Leigh, a 27-year-old in Maryland, first saw her parents’ income statements when she was a child and quickly realized something wasn’t adding up. Though her parents were trying their best to be financially responsible, their bills were too high compared to their unstable income, and they were spending too much on everyday purchases and shopping splurges.
She had always been good with numbers, so Leigh, who requested her last name be withheld for privacy reasons, made a budget for her nine-person household when she was 13 years old. Despite that, it wasn’t until she was an adult that she finally stopped imitating some of her parents’ bad money habits.
“I do believe that my parents try their absolute best,” Leigh says. “They didn’t have the personal finance foundation because their parents didn’t teach them. It’s a very heavy generational issue. One person needs to realize, ‘This is a problem, I can learn,’ and then you can literally change the rest of the generations beneath you.”
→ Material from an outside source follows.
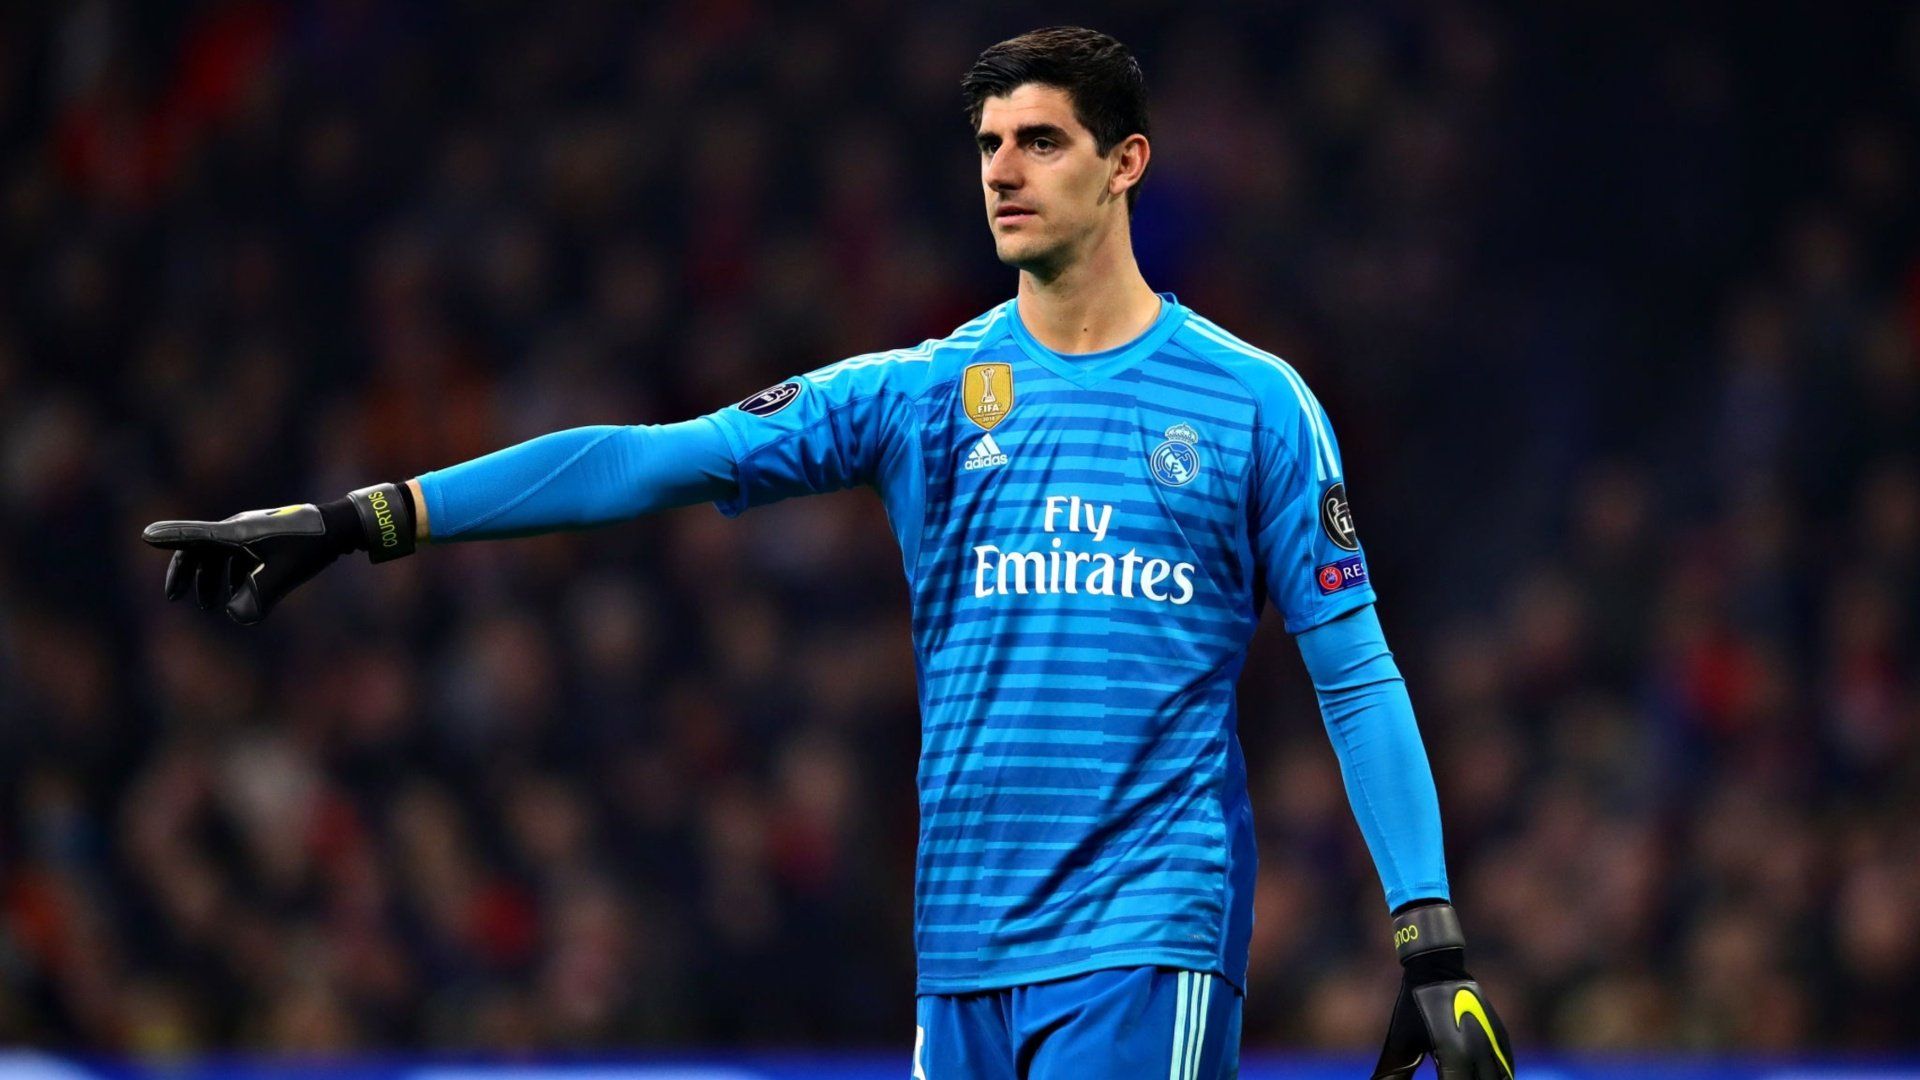 No more 25: New number for Thibaut Courtois
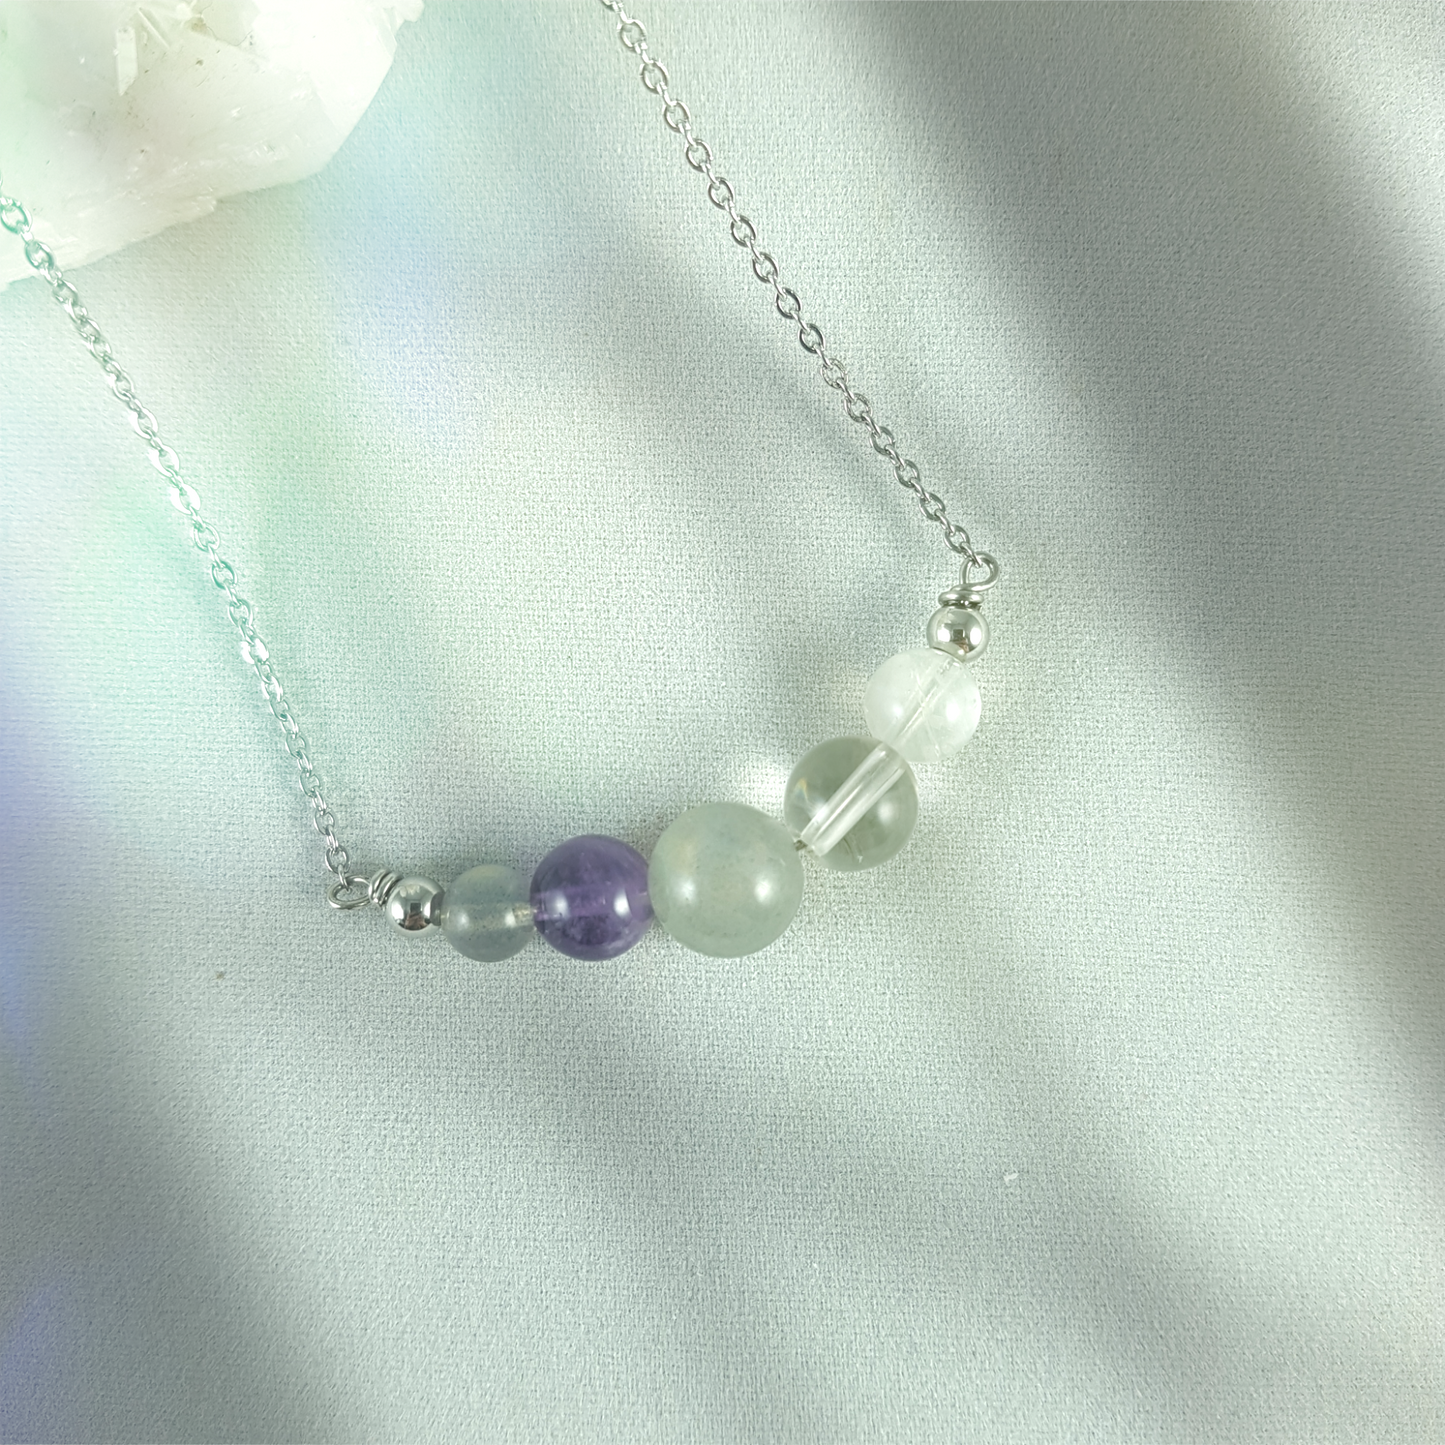 Crown Chakra Five Bead Stainless Steel Necklace

Today, many young Americans are navigating adulthood using only the financial guidance they received from their parents, which poses a significant challenge for the millennial and Gen Z adult children of Gen Xers and baby boomers. These adult children often encounter outdated or inadvisable financial advice, if any at all.
For example, baby boomers are less likely than younger generations to move their short-term savings to an online savings or money market account, according to Bankrate polling.
Despite the benefits of a high-yield savings account, baby boomers cite feeling comfortable with their current financial institution (50 percent) and preferring having access to a local branch (53 percent) as reasons for not switching, according to Bankrate polling. Additionally, 39 percent of those baby boomers are worried about the security of their money, despite the fact that most online savings accounts are FDIC-insured.